Online Imitation Learning for Manipulation via Decaying Relative Correction through Teleoperation
This work addresses the problem of high cognitive and time demands for experts in providing continuous feedback for imitation learning in robotics, offering an incremental improvement to existing teleoperation systems.
The paper tackles the challenge of reducing expert intervention in teleoperated robotic manipulation by proposing Decaying Relative Correction (DRC), which cuts the required expert intervention rate by 30% compared to standard methods and boosts success rates in tasks like raspberry harvesting and cloth wiping.

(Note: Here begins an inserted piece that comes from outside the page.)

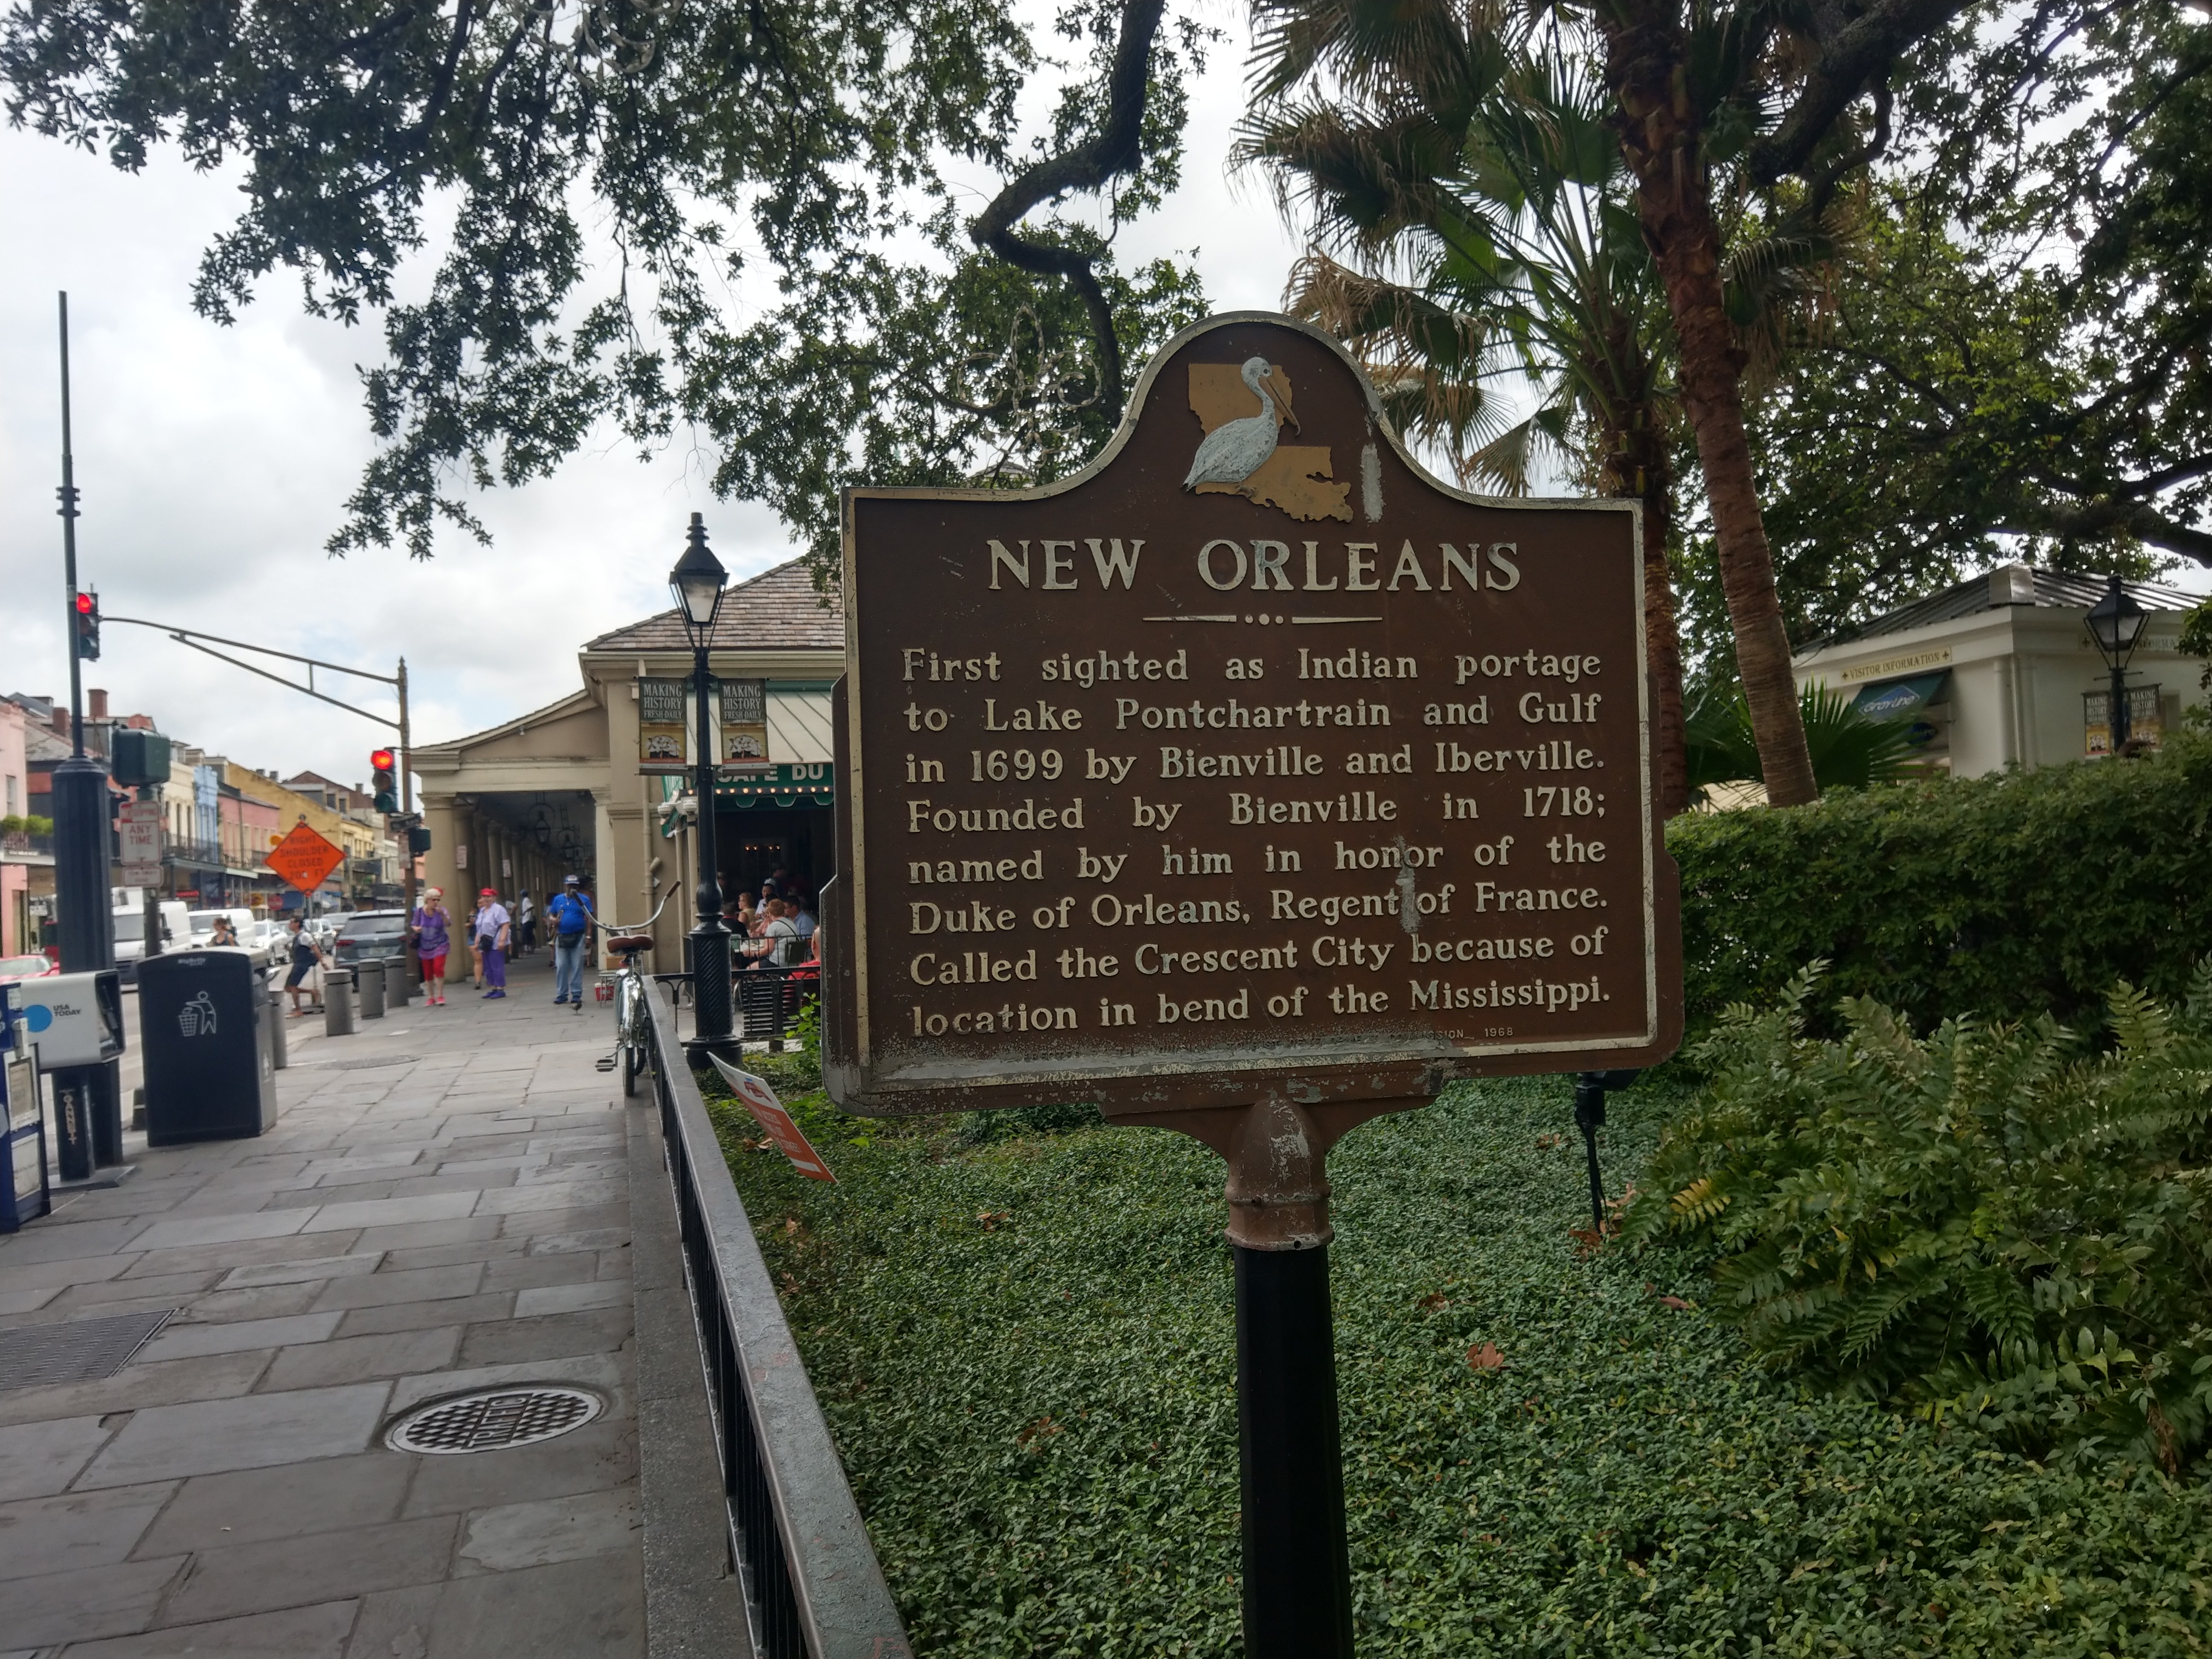 New Orleans history

Teleoperated robotic manipulators enable the collection of demonstration data, which can be used to train control policies through imitation learning. However, such methods can require significant amounts of training data to develop robust policies or adapt them to new and unseen tasks. While expert feedback can significantly enhance policy performance, providing continuous feedback can be cognitively demanding and time-consuming for experts. To address this challenge, we propose to use a cable-driven teleoperation system which can provide spatial corrections with 6 degree of freedom to the trajectories generated by a policy model. Specifically, we propose a correction method termed Decaying Relative Correction (DRC) which is based upon the spatial offset vector provided by the expert and exists temporarily, and which reduces the intervention steps required by an expert. Our results demonstrate that DRC reduces the required expert intervention rate by 30\% compared to a standard absolute corrective method. Furthermore, we show that integrating DRC within an online imitation learning framework rapidly increases the success rate of manipulation tasks such as raspberry harvesting and cloth wiping.